The above described invention has several advantages including improved accuracy which is obtained by normalizing the correlation sums before filtering. The amplitude of the complex correlation sum is a measure of similarity between the two signals which are correlated. Normalizing the correlation sums before the filtering step weights reliable correlation sums more heavily than unreliable correlation sums. Without normalization, for example, an element whose signal was very large but noisy would contribute more to the element-filtered correlation sum than a neighboring element whose signal was smaller but for which the time delay estimate was reliable. Similarly, an unusually bright but noisy beam would contribute more to the filtered correlation sum than a neighboring beam for which the time delay estimates were reliable.

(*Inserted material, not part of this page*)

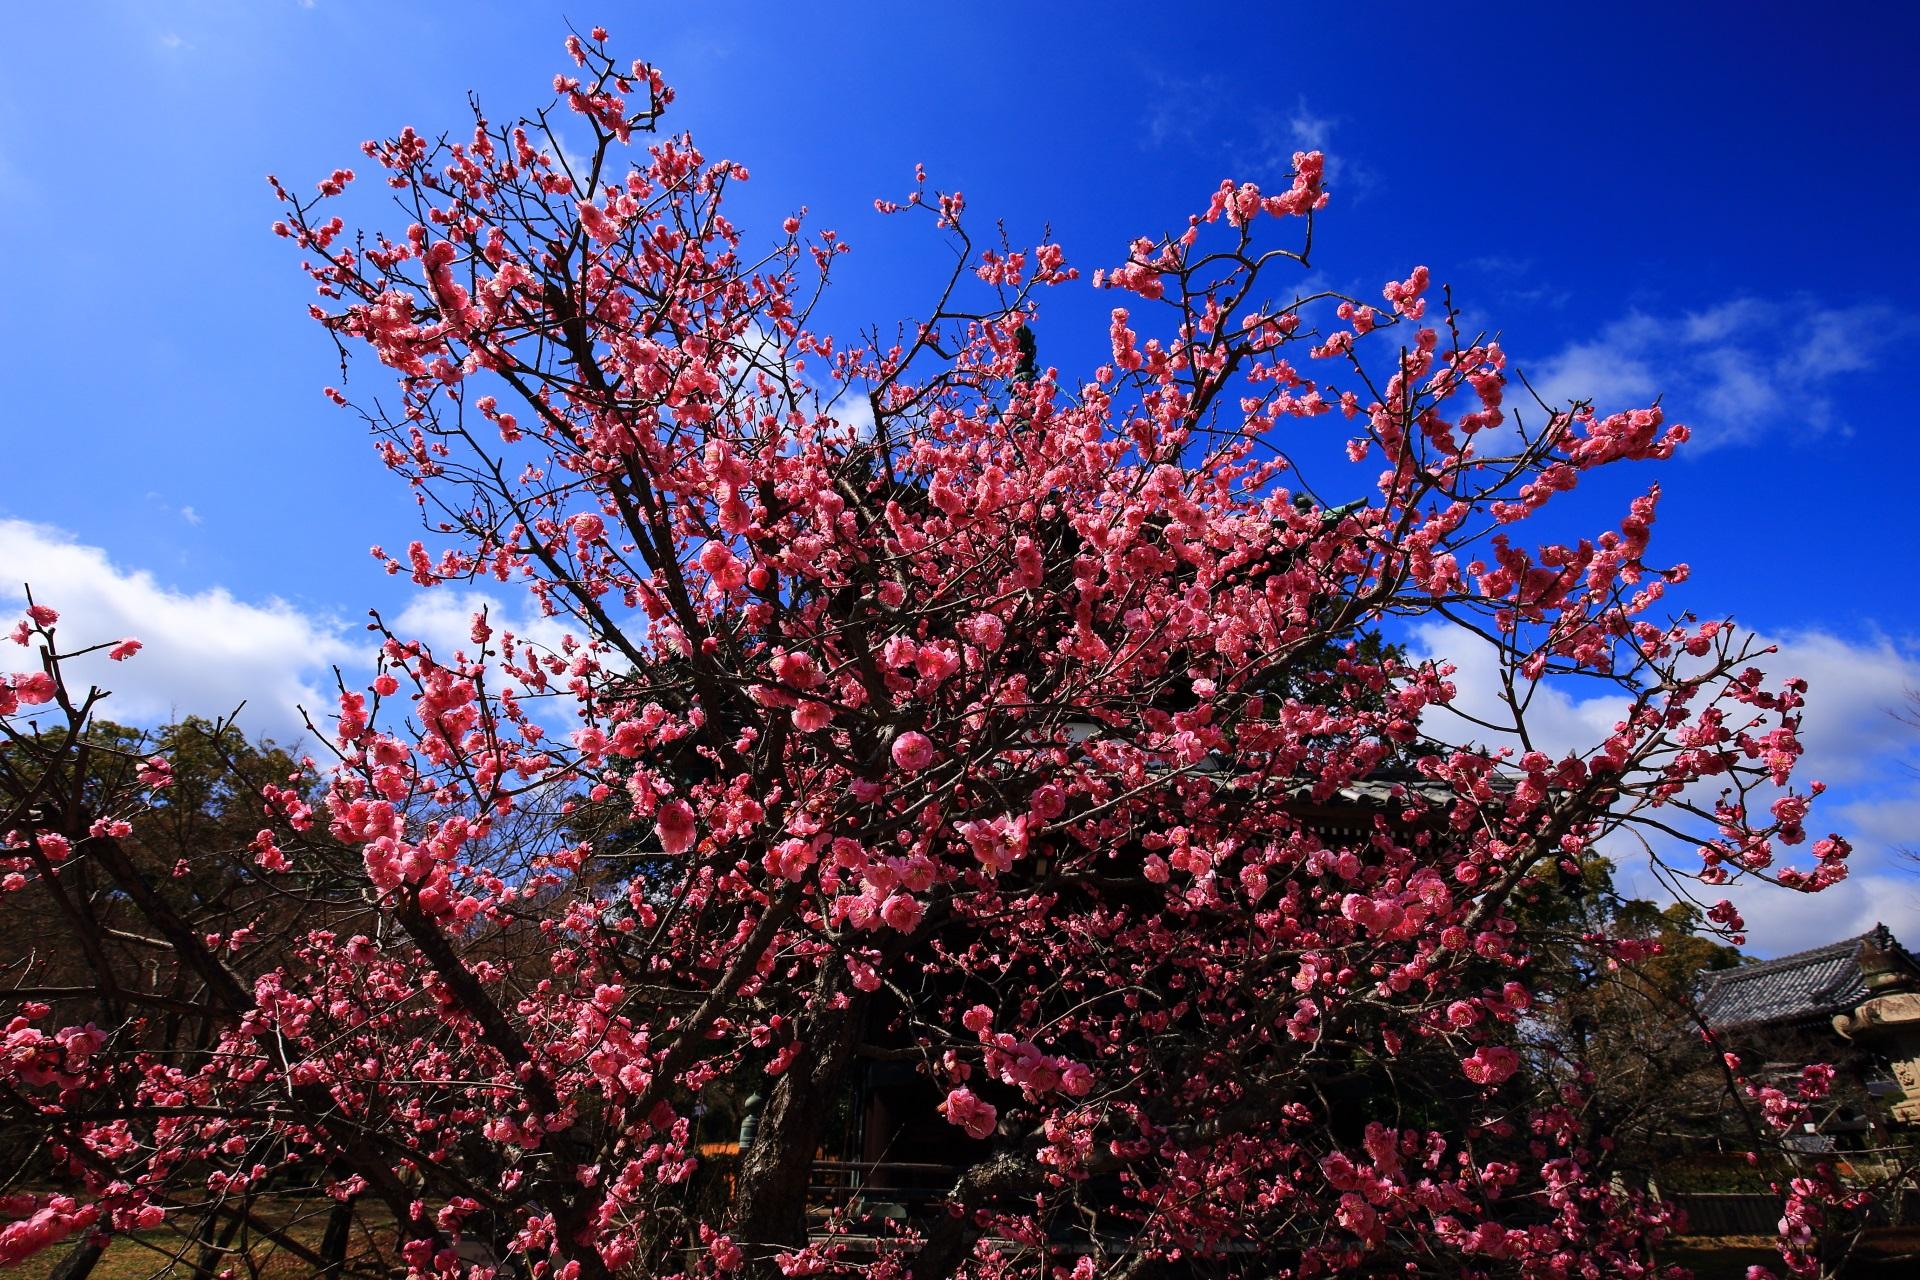 弾け飛びそうなくらい咲き乱れる煌くピンクの梅
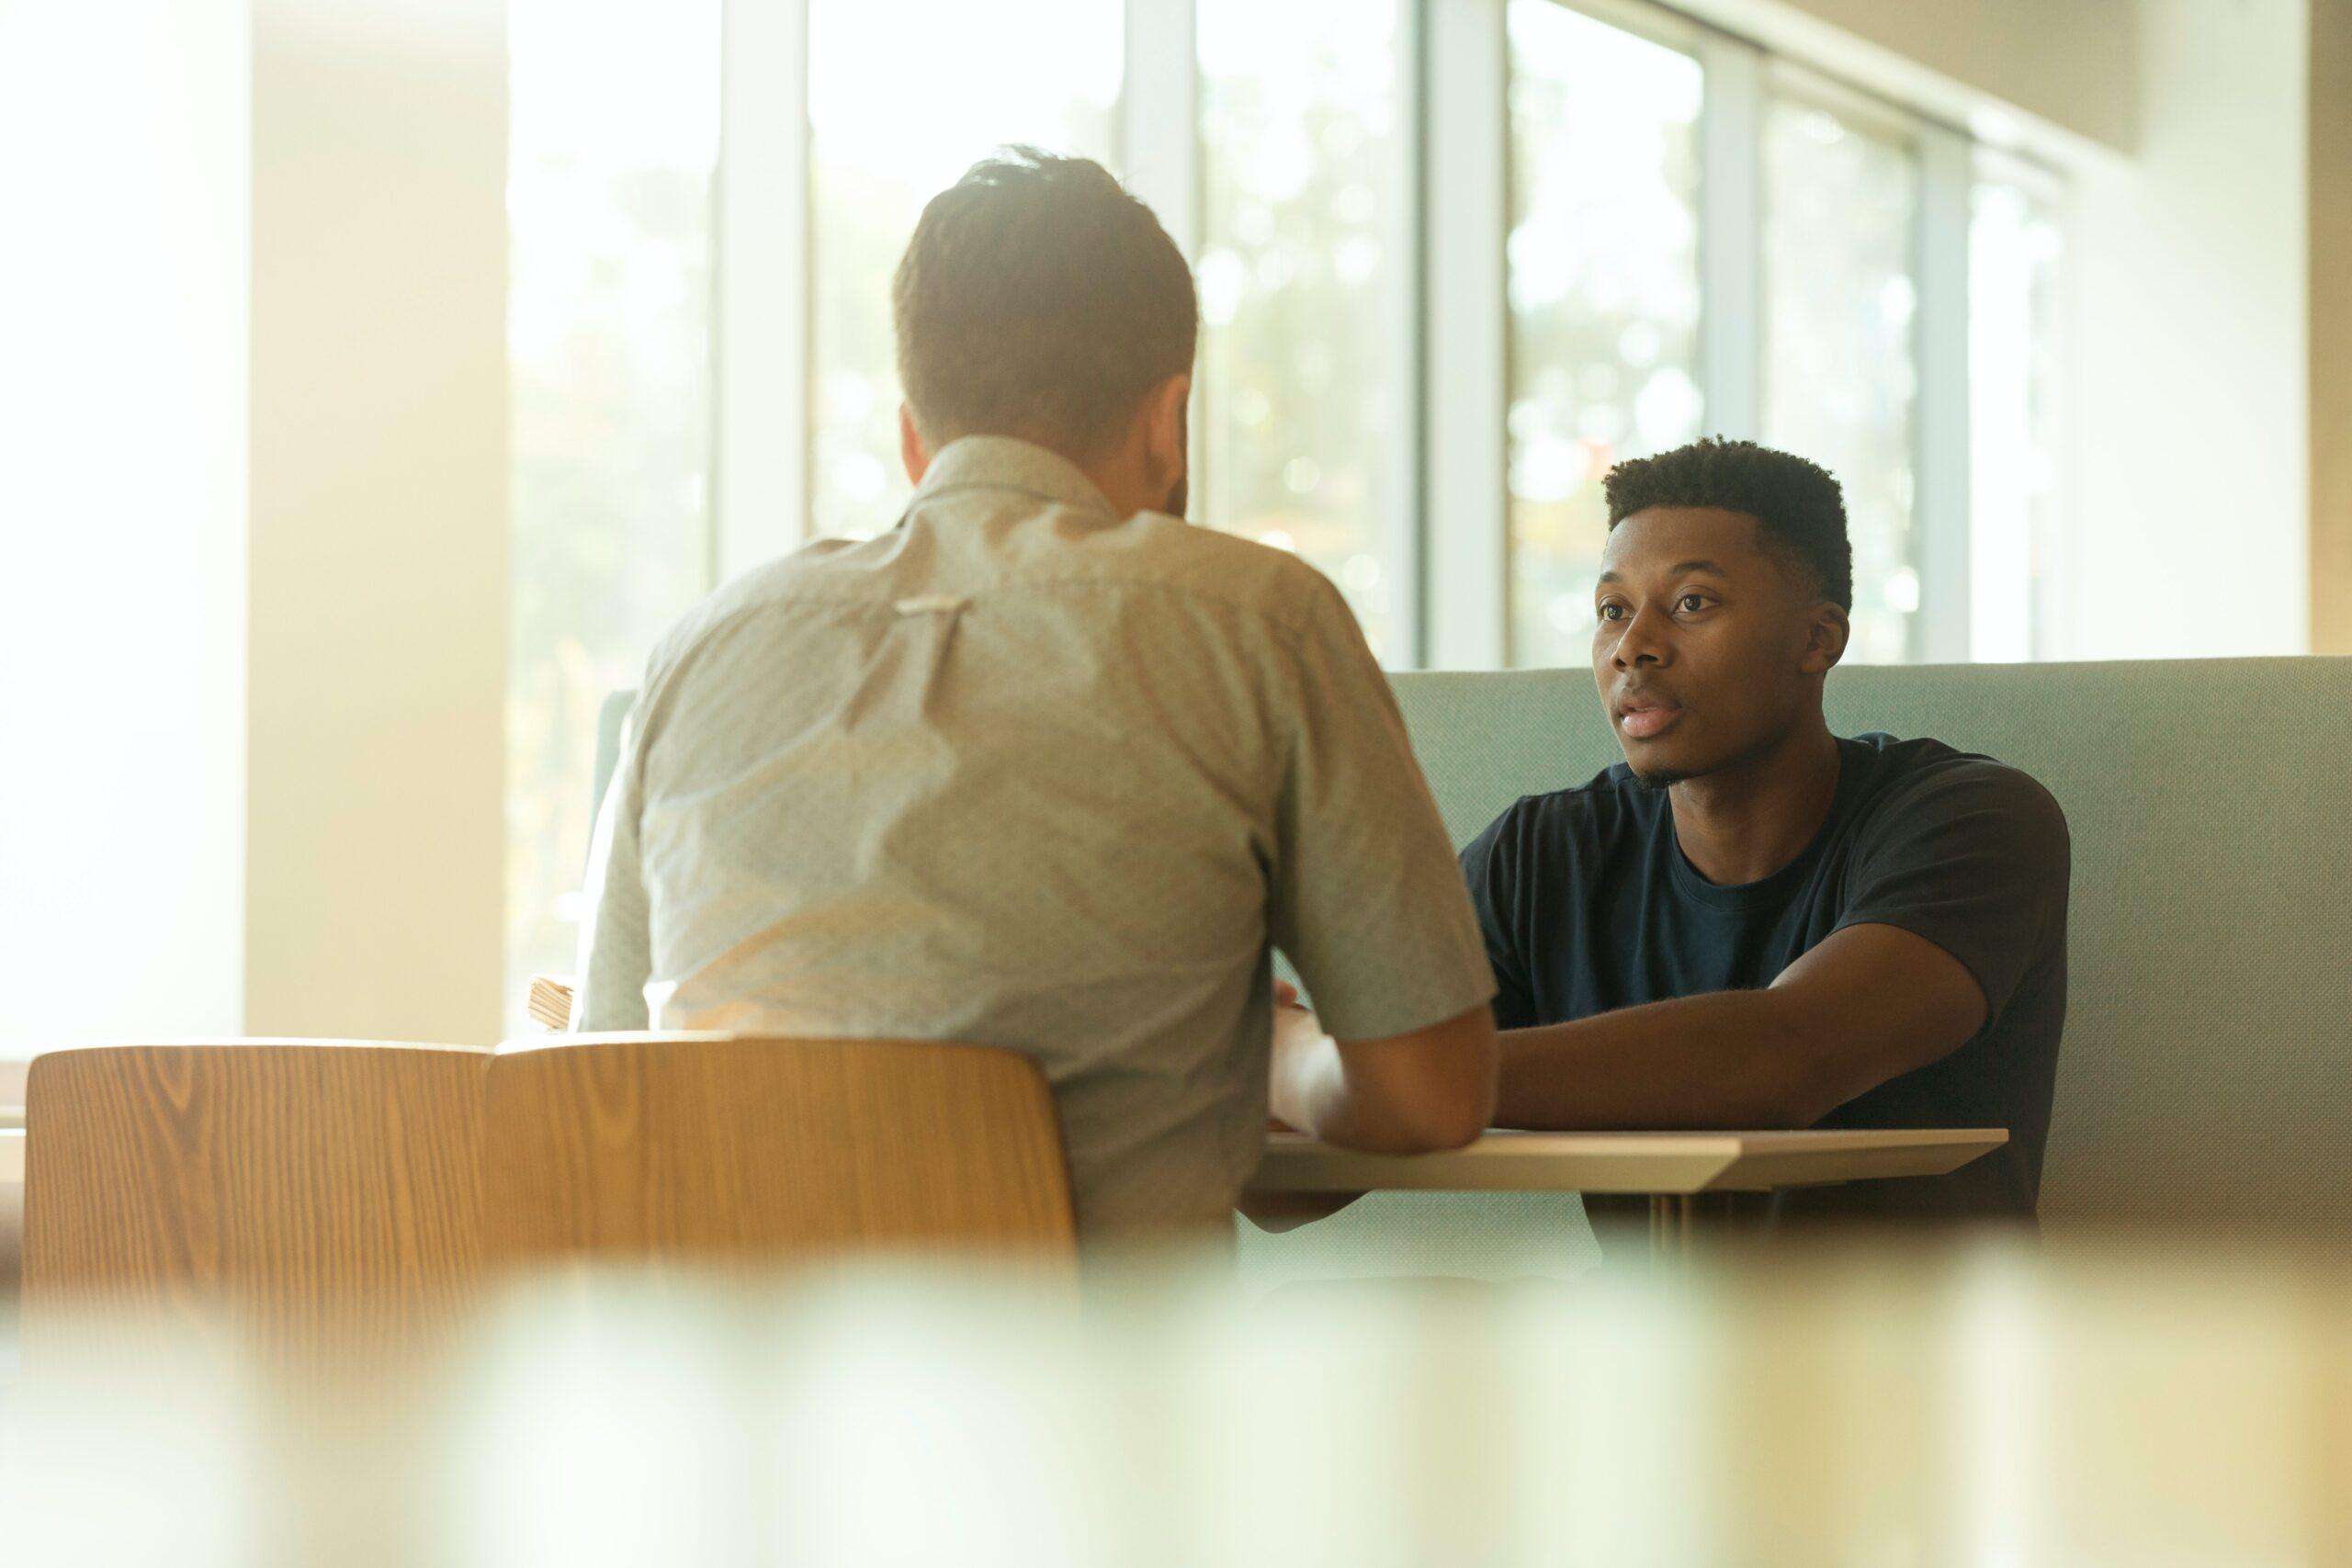 Wybuch emocji na spotkaniu z pracownikiem. Jak sobie poradzić?

The method minimizes the contribution of “dead” or very noisy transducer element by normalizing the correlation sum, since a noisy channel signal will be poorly correlated with the beamsum signal. Thus, additional processing or hardware required to detect and compensate for dead or noisy transducer elements, or for dead or noisy system channels, is minimized.
The above-described method also robustly ignores regions of noisy phases using a simple estimator of noisy phases thus minimizing the introduction of image artifacts without requiring complicated and expensive hardware for calculations.
The invention smoothly interpolates between beams for which reliable arrival time estimates are available and beams for which the arrival estimates are unreliable, thereby avoiding introducing distracting boundaries and discontinuities on the image between such regions.
While only certain features of the invention have been illustrated and described herein, many modifications and changes will occur to those skilled in the art. It is, therefore, to be understood that the appended claims are intended to cover all such modifications and changes as fall within the true spirit of the invention.
This application includes subject matter that is related to U.S. patent application Ser. No. 10/882910, entitled “TIME DELAY ESTIMATION METHOD AND SYSTEM FOR USE IN ULTRASOUND IMAGING”, filed 30 Jun., 2004, which is herein incorporated by reference.